American stage actress

Julia Heynen is an American stage actress. She defined the role of Helen in Jacob Appel's Helen of Sparta at the Venus Theatre, a role in which critic Ted Ying singled out her performance as a "forceful personification of the face that launched a thousand ships" and praised her as "beautiful, confident, [and] charismatic." She also originated the part of Ophelia in Chris Wind's Not Such Stuff.

Critic Sophia Carteret wrote of Heynen that she "lets Ophelia's voice speak out as Shakespeare should have done. She lets us see the conflicting emotions of a girl learning to see the world with a woman's eyes; one who, in aiming to do right, comes to see that the duty of listening, reflecting, and obeying can be less important than the acts of observing, questioning, and seeking to correct the errors committed by oneself and others. Given the longest segment in the play, this character shows the most complexity and personal development on stage and the actor gives the role all that it needs to succeed both dramatically and intellectually."

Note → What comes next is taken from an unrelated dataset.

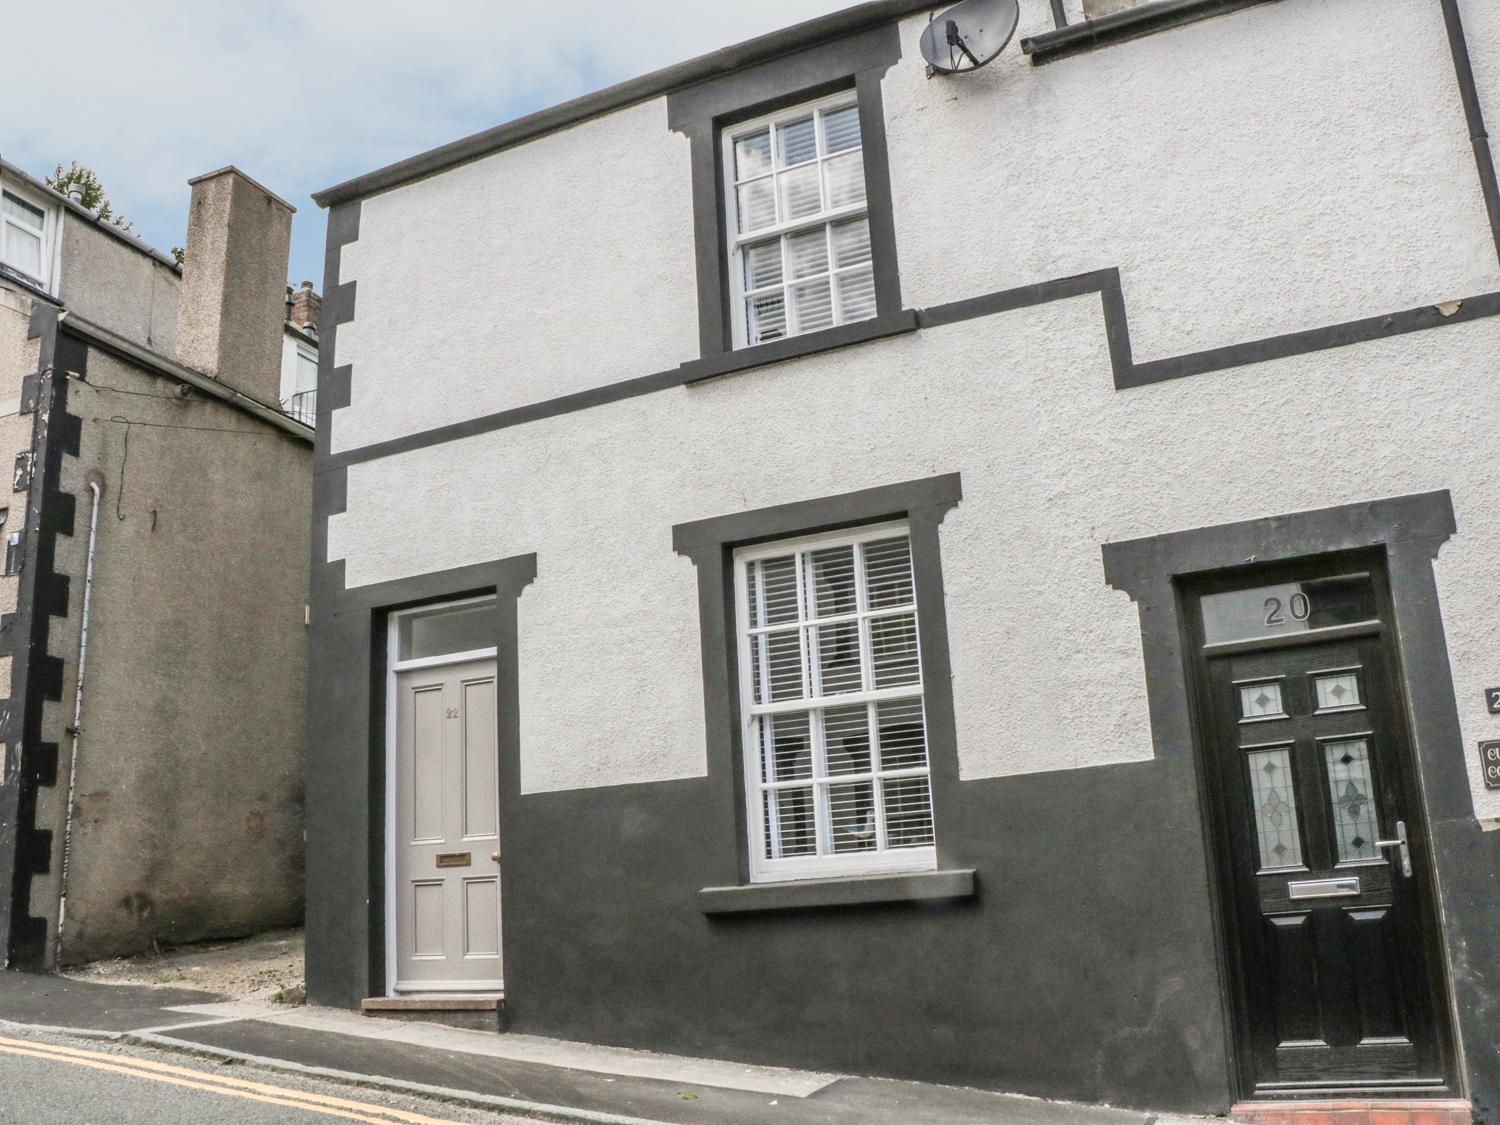 Holiday Cottage Reviews for 22 Uppergate Street - Self Catering Property in llandudno, Conwy

Heynen earlier starred in regional productions of Private Eyes, Hedda Gabler, Pirandello's Six Characters in Search of an Author and nearly three dozen other productions in the Washington and Baltimore areas.

As of the summer of 2010, she is starring in the Red Branch Theatre's production of David Auburn's Proof. The New Dramatist named her a "local legend" in 2009, the first from the Baltimore-Washington region in eight years.

In 2011 Heynen moved to Chicago, where she currently resides as of spring 2014. She is currently a part of the Denver Team at iO Chicago.

Heynen is a graduate of Goucher College.